### WHAT THE TASK ASKS
Exact copies of the lines below are the goal; any images in them are dropped.

### INFORMATION PROVIDED
━━━━━━
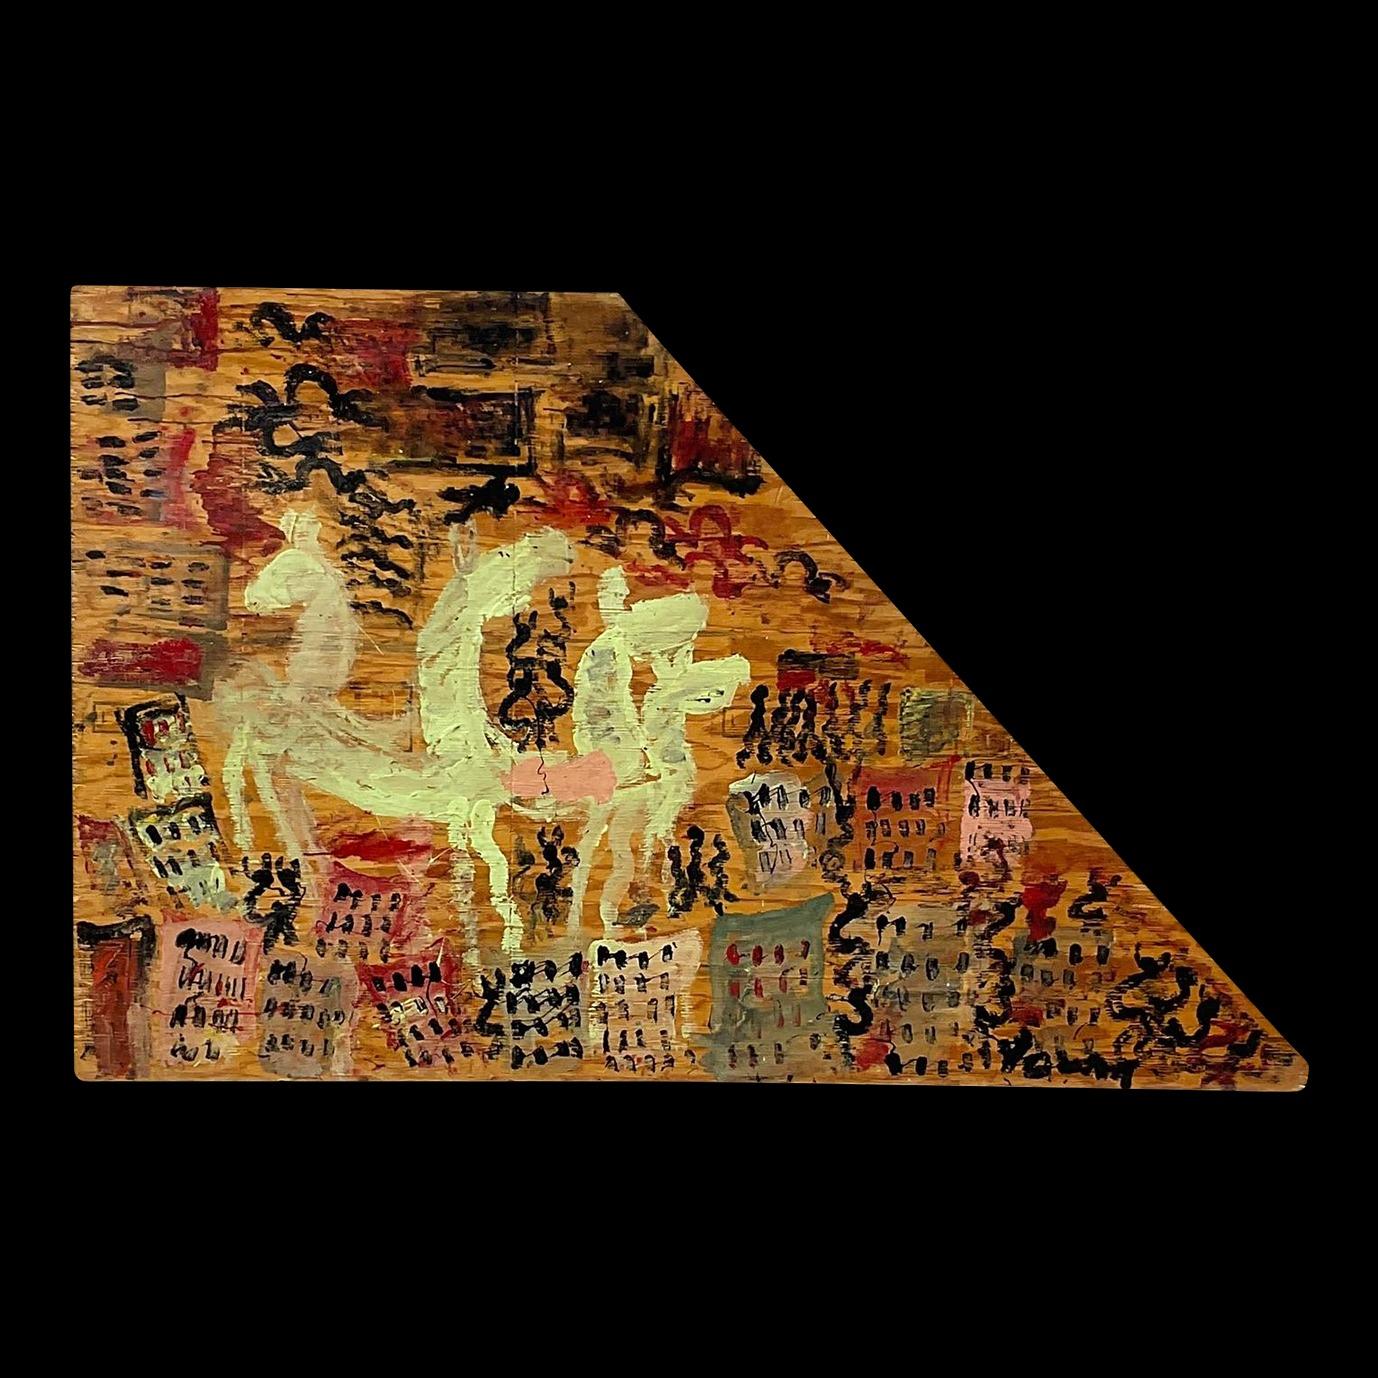 Dieses Vintage Purvis Young Gemälde ist eine einzigartige abstrakte auf Holz gemalt. Die gelben, kamelartigen Wesen, die von einer zartfarbigen Stadtlandschaft und scheinbar zufällig angeordneten abstrakten Formen umgeben sind, machen dieses Werk zu
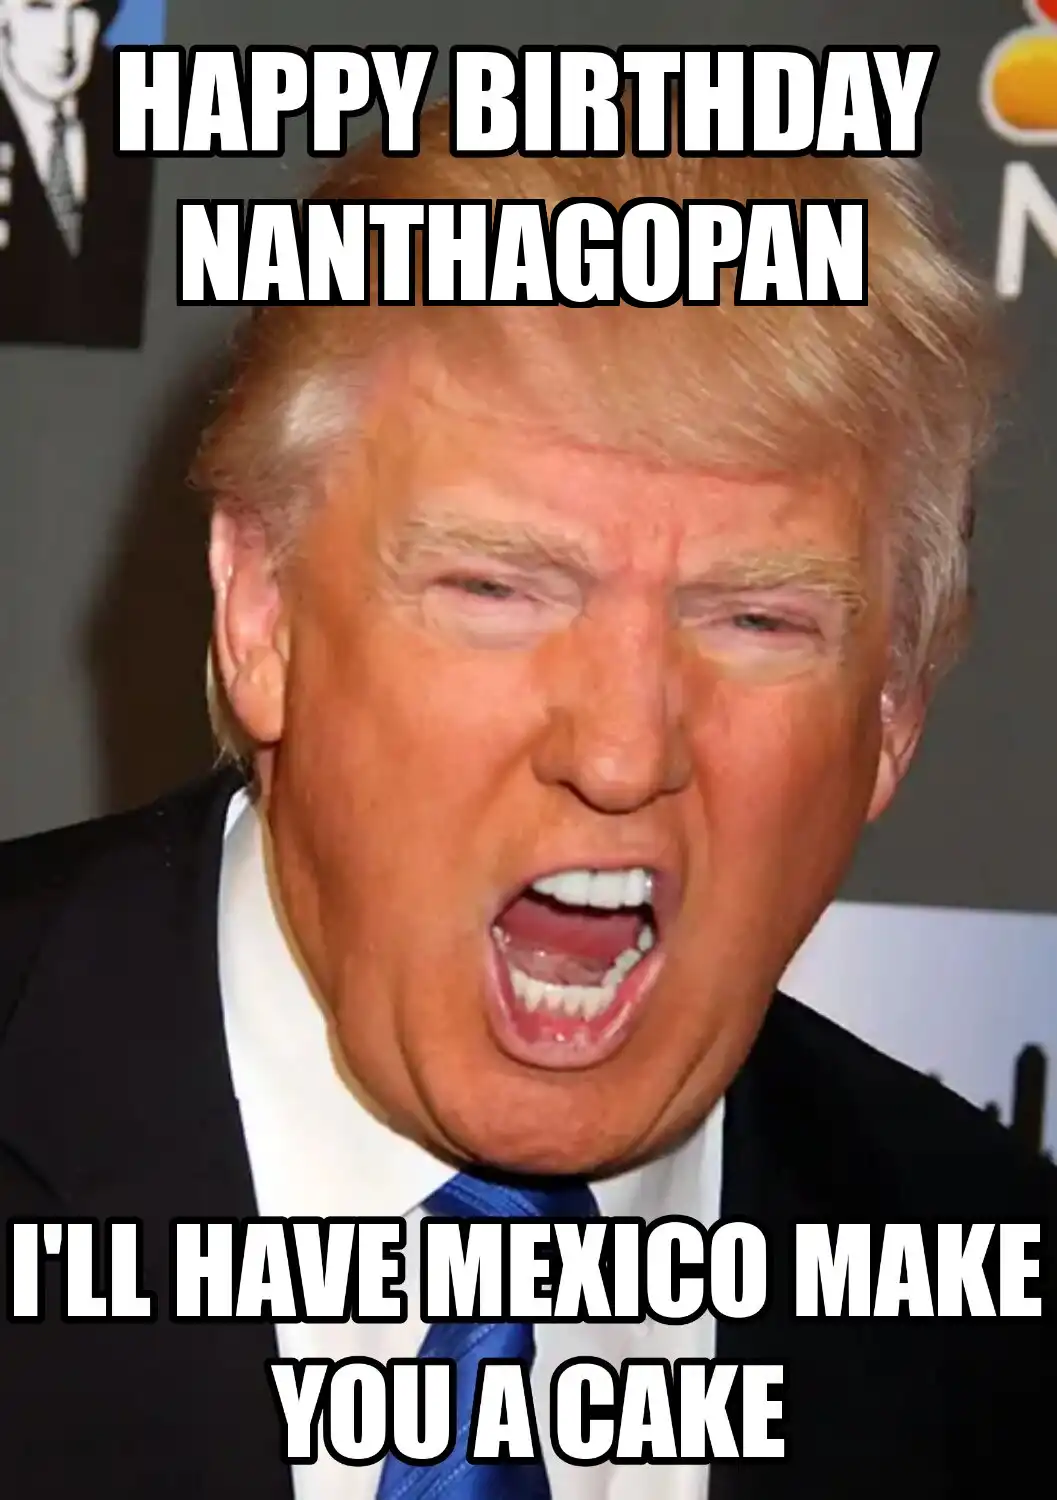 Happy Birthday Nanthagopan Mexico Make You A Cake Meme
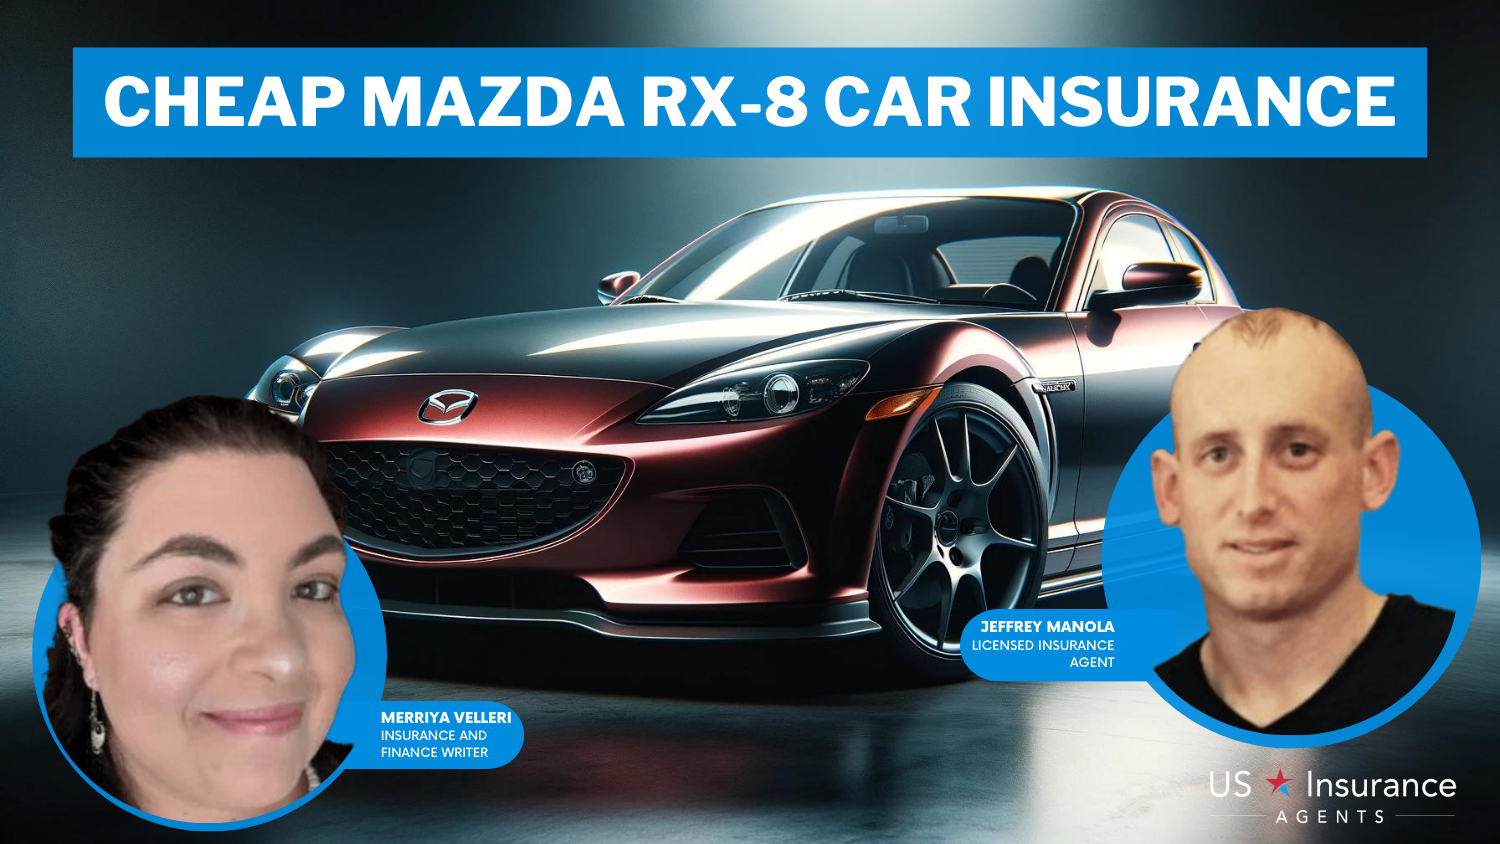 Progressive, USAA, and State Farm: Cheap Mazda RX-8 Car Insurance
━━━━━━
### ANSWER
 Dieses Vintage Purvis Young Gemälde ist eine einzigartige abstrakte auf Holz gemalt. Die gelben, kamelartigen Wesen, die von einer zartfarbigen Stadtlandschaft und scheinbar zufällig angeordneten abstrakten Formen umgeben sind, machen dieses Werk zu
 Happy Birthday Nanthagopan Mexico Make You A Cake Meme
 Progressive, USAA, and State Farm: Cheap Mazda RX-8 Car Insurance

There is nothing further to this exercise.